Mientras sentía el hombro de la joven contra su brazo, una oleada de imágenes antiguas, casi olvidadas, invadió la mente de Tewp. Perry Maresfield. ¡Claro que se acordaba de ella! Fue en Londres. Él era un estudiante de provincias, con escasos recursos, sin dinero ni relaciones, que había ido a estudiar Derecho gracias a la generosidad de un viejo profesor que se había fijado en él. Allí, durante dos o tres años, había sido un alumno aplicado, serio hasta la solemnidad, que prefería la reclusión de las salas de estudio y la serenidad de las bibliotecas a la compañía ruidosa y burlona de sus condiscípulos. Tewp el Ermitaño, Tewp el Sin Blanca, Tewp el Monje… Así era como le apodaban sus compañeros, quienes por su parte dedicaban más energía en seducir a las chicas que en empollar sus asignaturas.

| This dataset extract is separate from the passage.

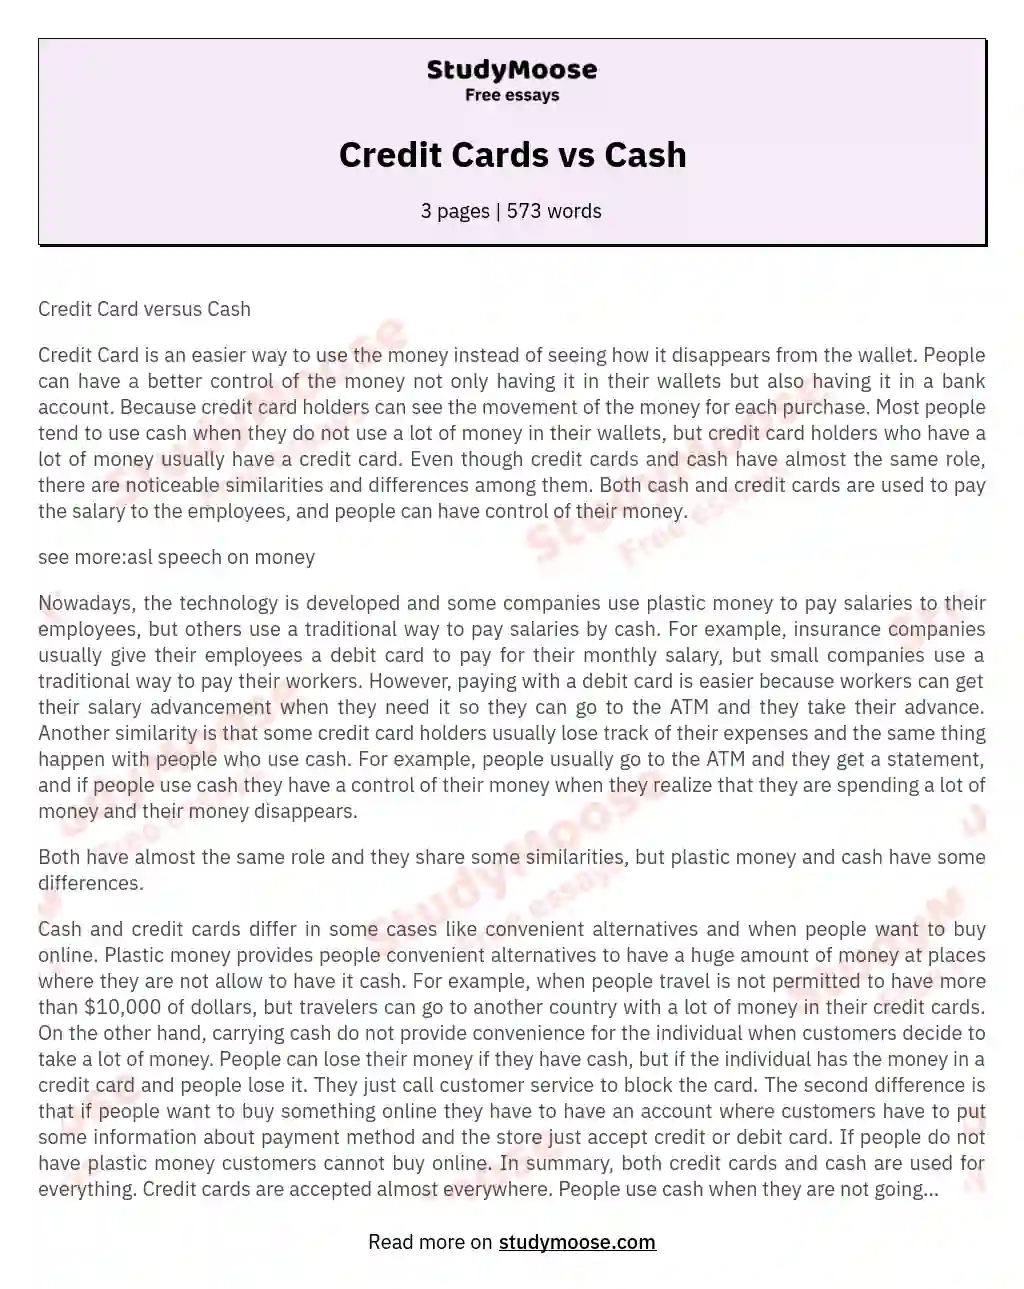 essay about cash vs credit card

Entre las alumnas de su misma promoción, Perry Maresfield, nativa de Brighton como él, era una de las más cortejadas. Aún le pareció estar viéndola, frívola y seductora, rodeada de tres o cuatro gallitos febriles, insistentes, dispuestos a satisfacer el menor de sus deseos. Durante todo aquel tiempo, sin embargo, Perry nunca había puesto los ojos en él. Ni siquiera le había dirigido la palabra. ¿Cómo era posible que le hubiera reconocido y le hubiera manifestado tal derroche de simpatía, después de doce años? Doce largos años en el curso de los cuales una guerra había conmocionado al imperio y al mundo.